Reading the world, what is your lens showing you? Week 10

Growing up in late 70’s and early 80’s the lens I was taught through was the one of the dominant culture.  That in which many things are still taught through here in Regina, and likely most of Canada.  My books, movies and stories, were very much single storied.  As Chimamanda Adichie told of the single stories she lived I could relate, not to the exact stories, but the stereotypes that develop from the single stories.

I don’t remember having many books about cultures other than my own.  When there was a character that was of different culture, they were almost always presented negatively. They were the villains, inept or in need of rescue.

I was teen during the Ethiopian famine, it was big news.  Celebrities were getting together to hold benefits and record songs (Do they Know its Christmas) to help Ethiopia. A noble cause, to help people suffering due to natural environmental events.  I share this because I think that some of the single stories carry on for years because of the media and lack of a conclusion.  I wonder sometimes if the perception of Africa being poor and destitute comes because we still have that narrative which is renewed every time we hear the song. People share their knowledge of the song, and that is perhaps taken as a situation that still is, because most people don’t research what they hear. The situation in my memory seemed to just fade away with no clear resolve. I think that also says a lot about what we find important to cover as well.  If the drought resolved itself naturally well there was no big “rescue” by usually white people, so it is not news. If it just faded away with no clear resolution, it is easy for people to continue to buy into the stereotypes. With our social media today, I see things cropping up from 10 years ago and people are quick to respond and jump on the band wagon with out checking dates, and facts.
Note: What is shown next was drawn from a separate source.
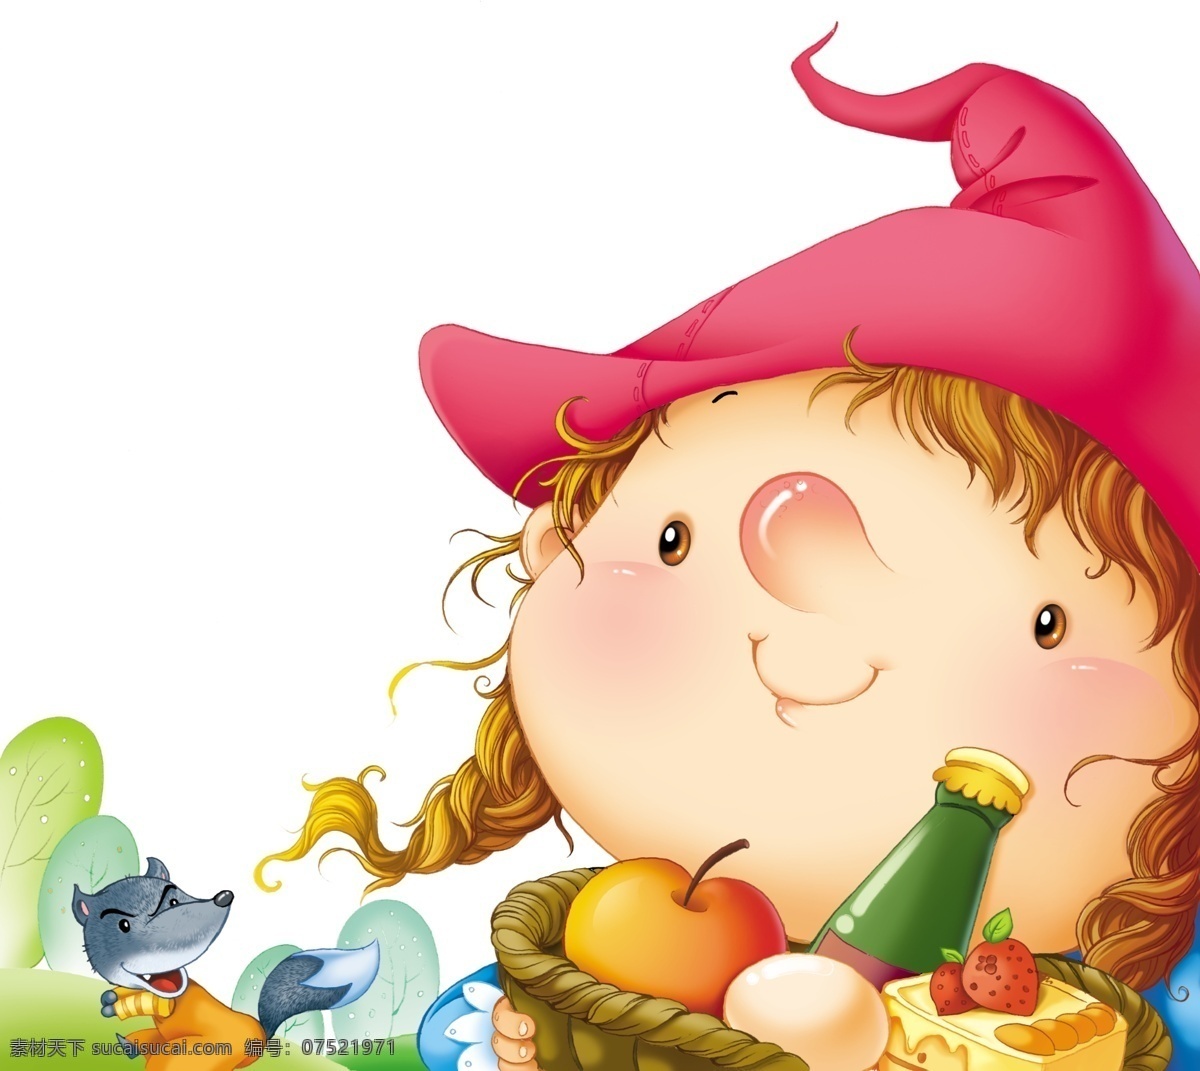 小红帽 可爱 卡通 女孩 红帽 篮子 大灰狼 食物 动漫人物 动漫动画

I think as teachers we need to be aware of inadvertently promoting single stories.  I think often of how we are taught how important learning about Residential Schools and Treaties are.  I agree they are but if we are only teaching about this part First Nations history we are promoting a single story, under the guise of inclusive ed.  We need to take our teaching further, by talking about all the different aspects of First Nations cultures and incorporating those aspects into all our subjects all year and not just teaching Treaty Ed as a single unit.  We also need to provide a variety of books for students, not just ones that talk about specific issues that are culturally related. We need to provide stories that have diverse main characters and have our First Nations students and all our students represented doing everyday things, not just special occasion events.  We need to make sure that we are representing First Nations people (and all other cultures) who are successful, and not just because they over came tragic circumstances.  In doing this I feel it gives us many stories. We see how rich and deep everyone is.